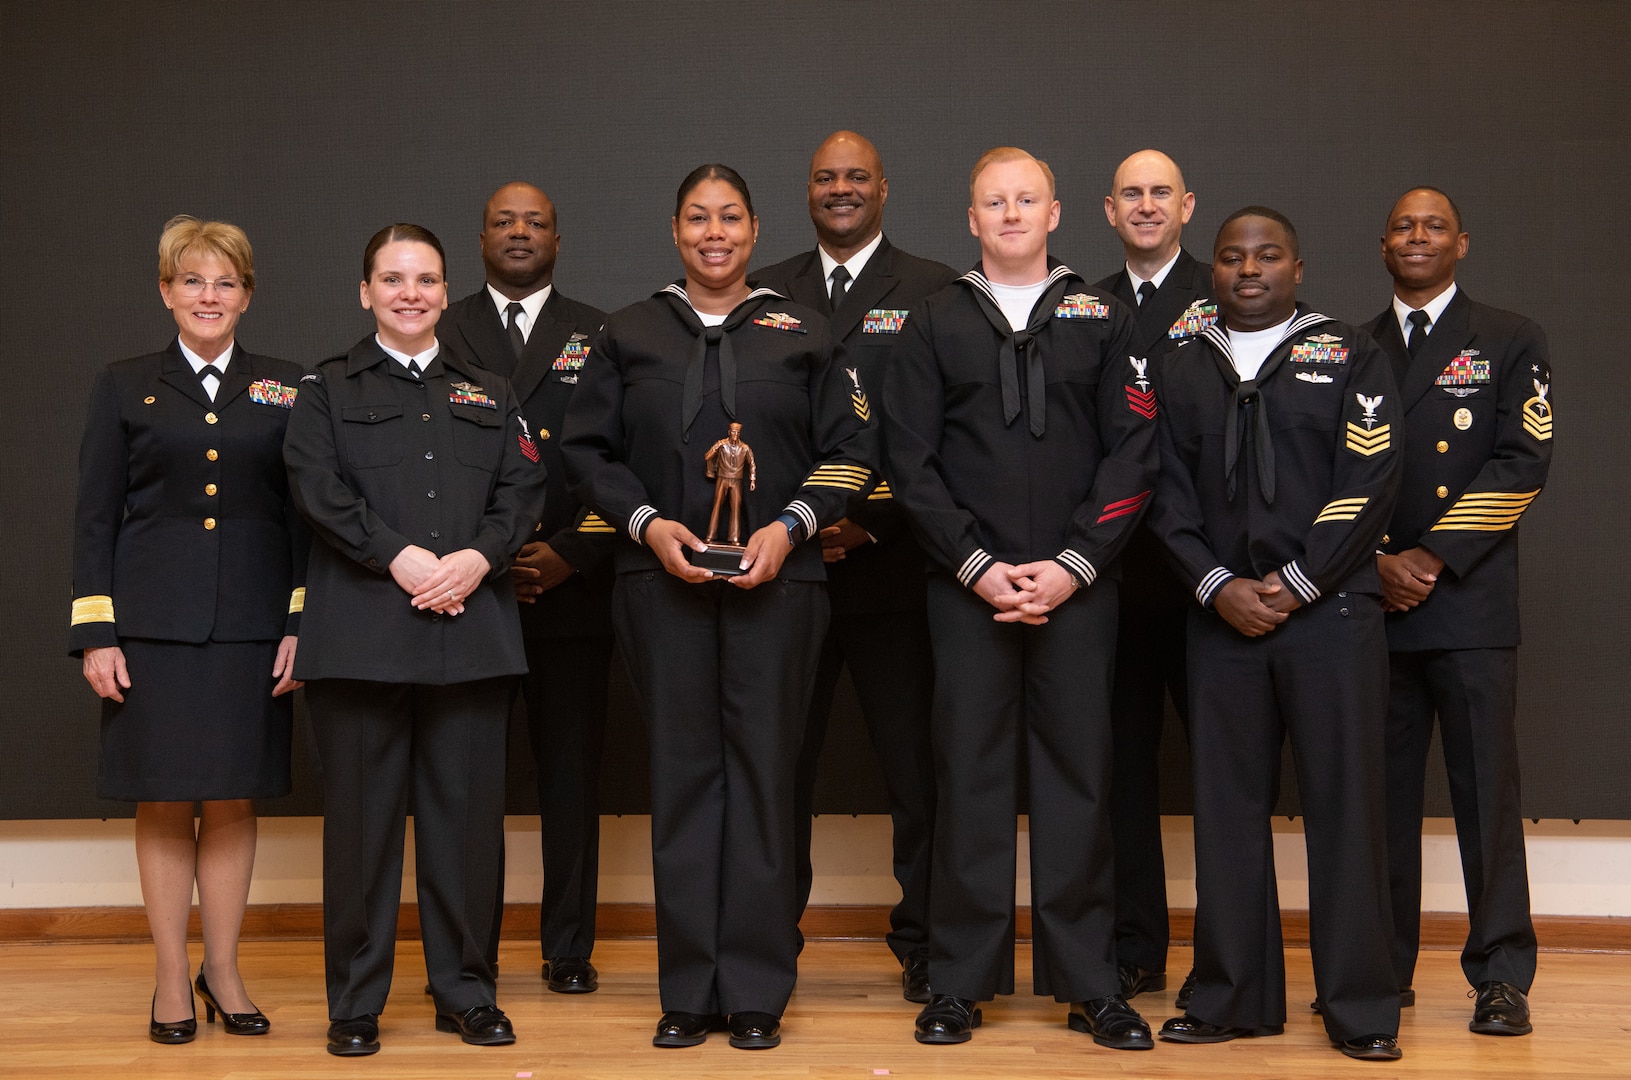 230406-N-DQ752-0034 SAN ANTONIO, Texas (Apr. 6, 2023) Rear Adm. Cynthia A. Kuehner, commander Naval Medical Forces Support Command (NMFSC) poses with the NMFSC 2023 Sailor of the Year awardee and nominees with their senior enlisted leaders after a ceremony April 6. (U.S. Navy Photo by Mass Communication Specialist 2nd Class Cheyenne Geletka)
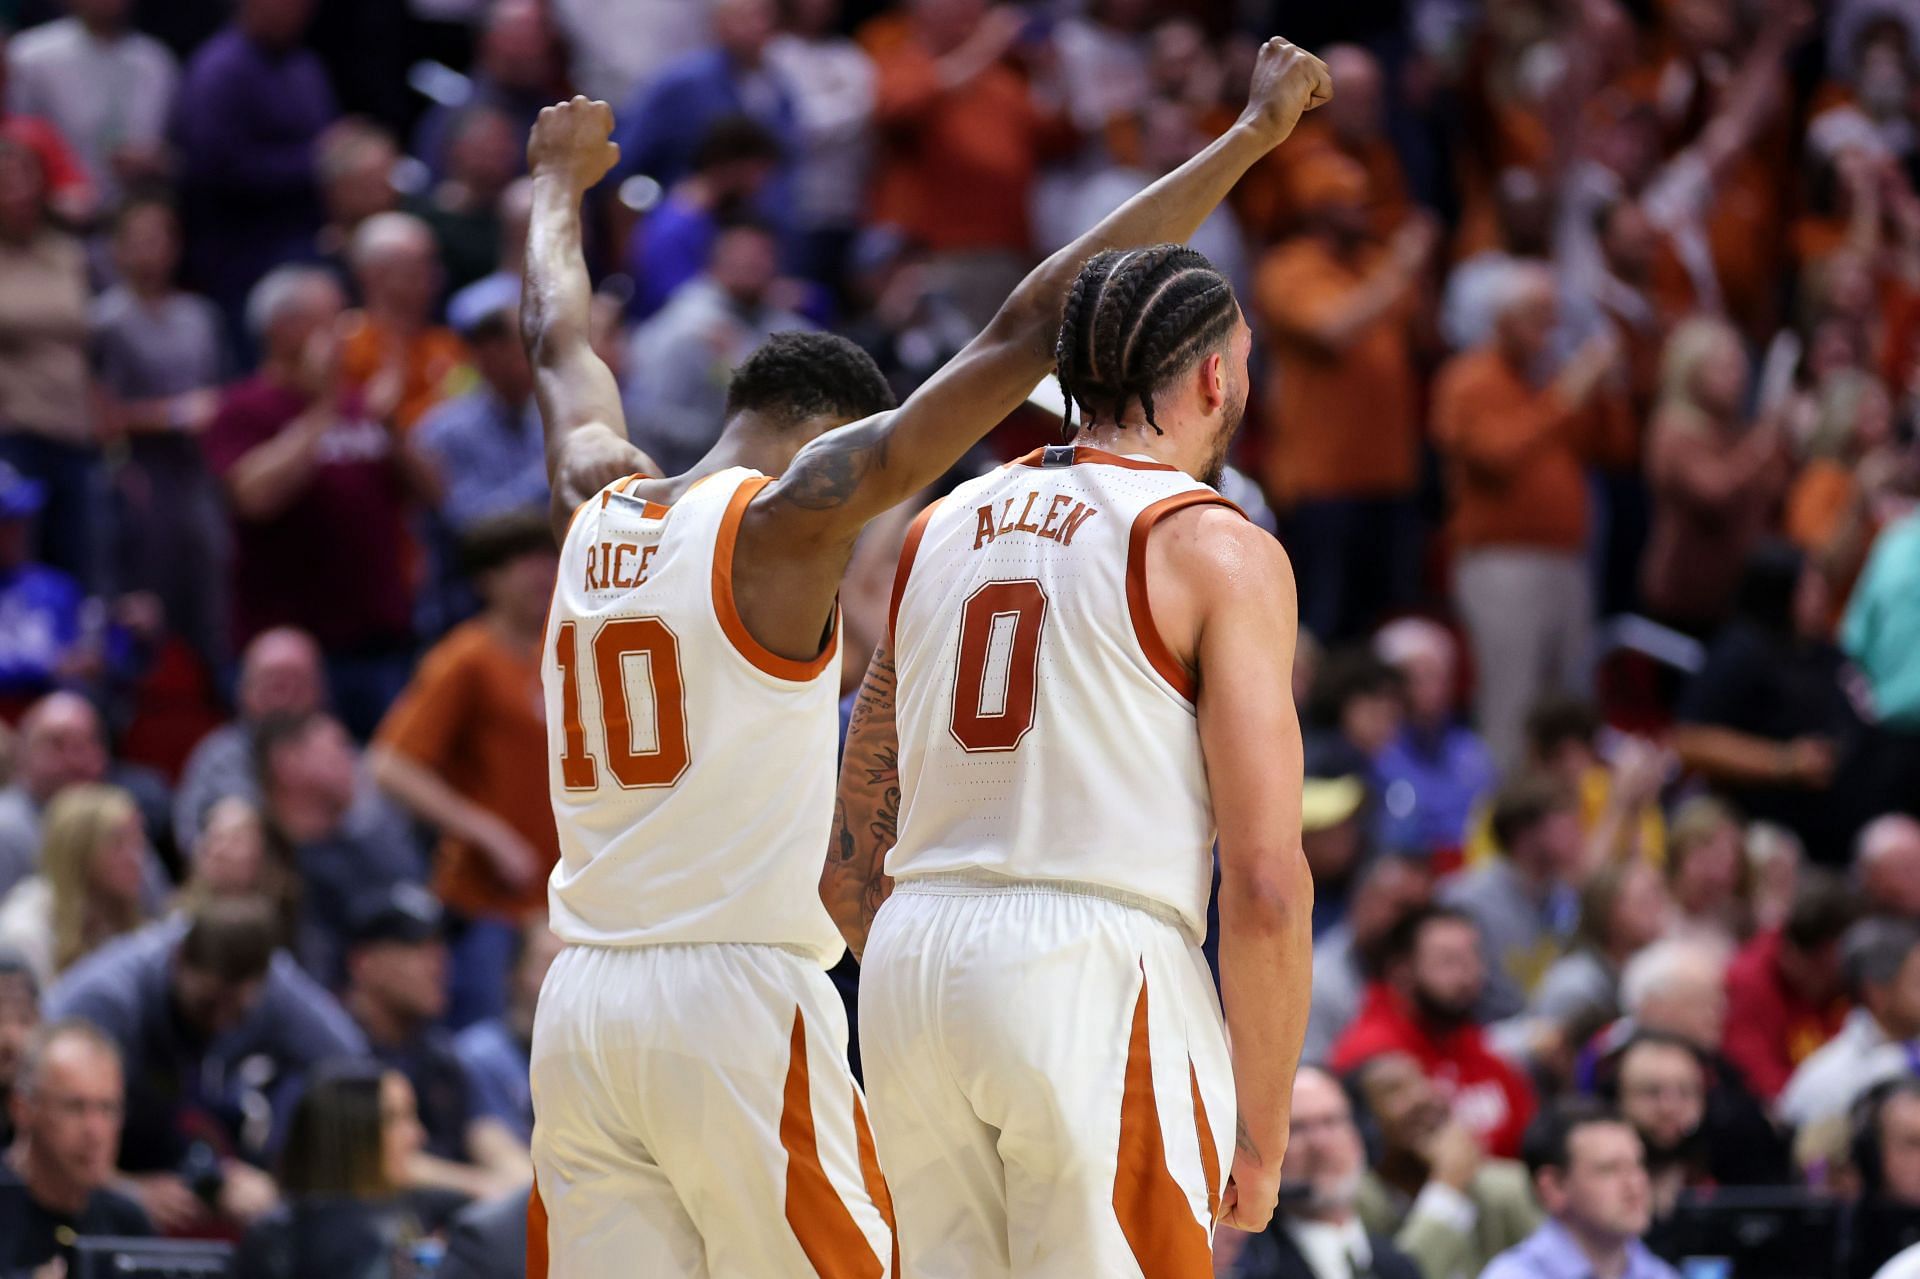 The Longhorns could also win it all in March Madness 2023 (Image via Getty Images)
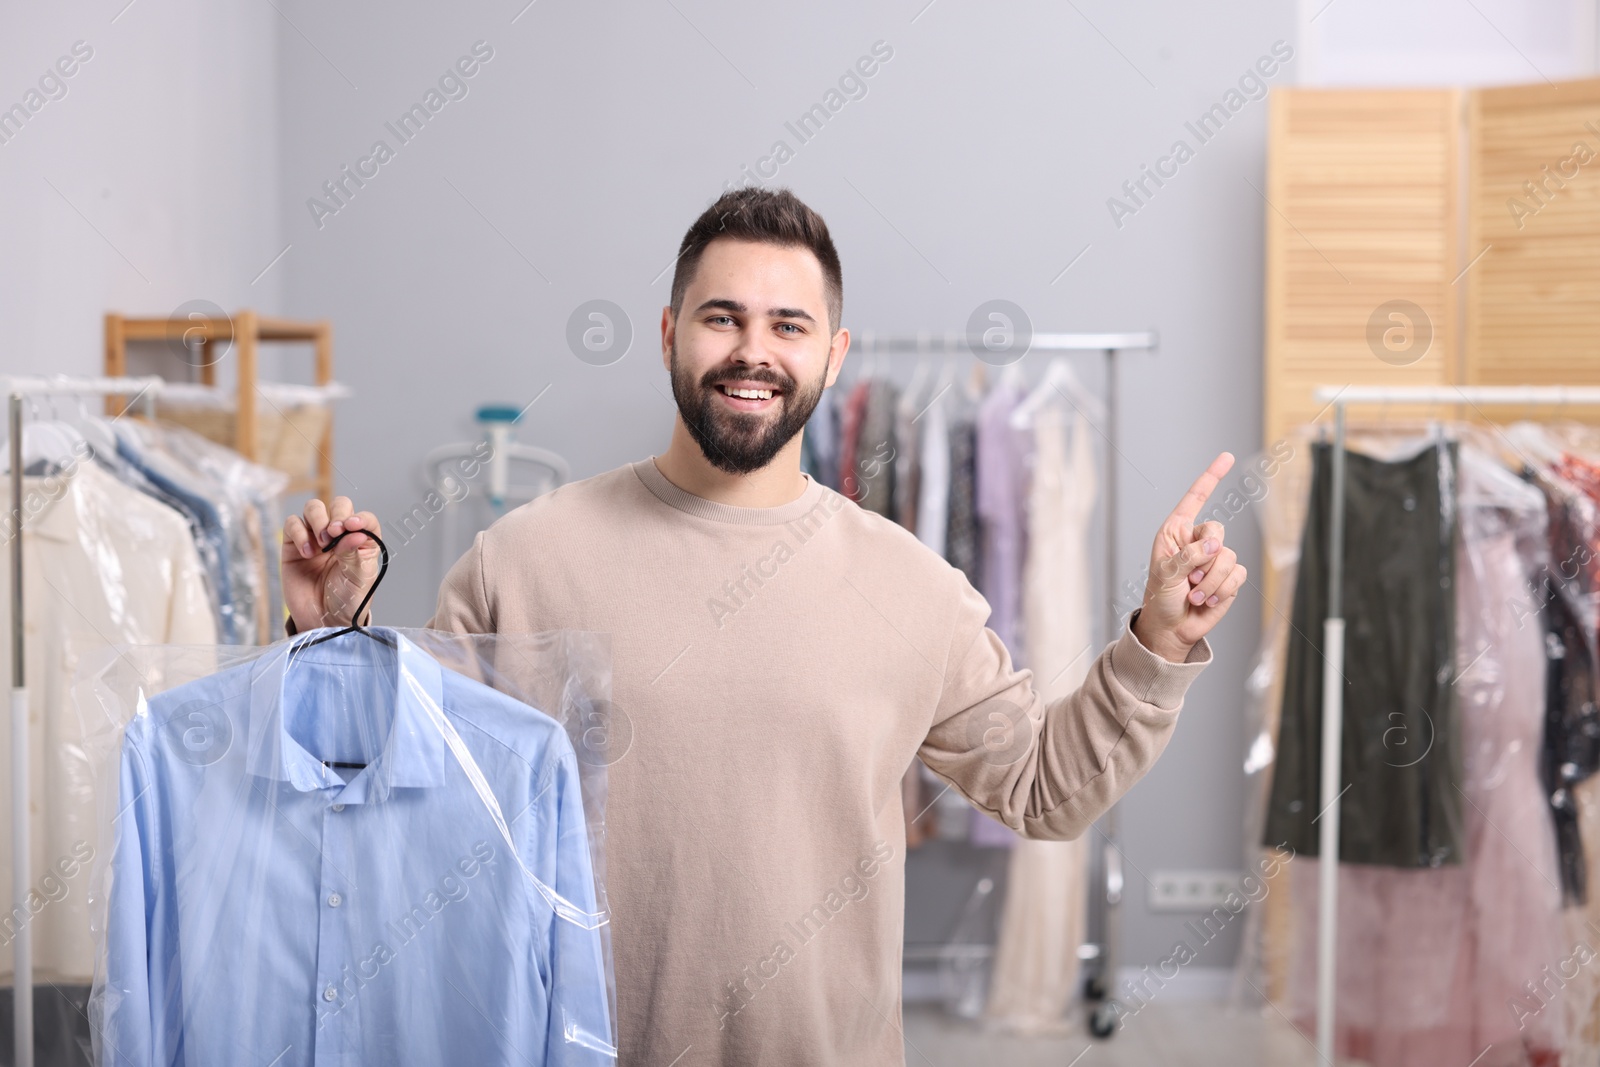 Photo of Dry-cleaning service. Happy man holding hanger with shirt in plastic bag and pointing at something indoors

» Assigned task: Extract exactly the lines above from the line containing "The Longhorns could" through the last one, both ends included, but not the pictures.

» Result of the task:
 The Longhorns could also win it all in March Madness 2023 (Image via Getty Images)
 Photo of Dry-cleaning service. Happy man holding hanger with shirt in plastic bag and pointing at something indoors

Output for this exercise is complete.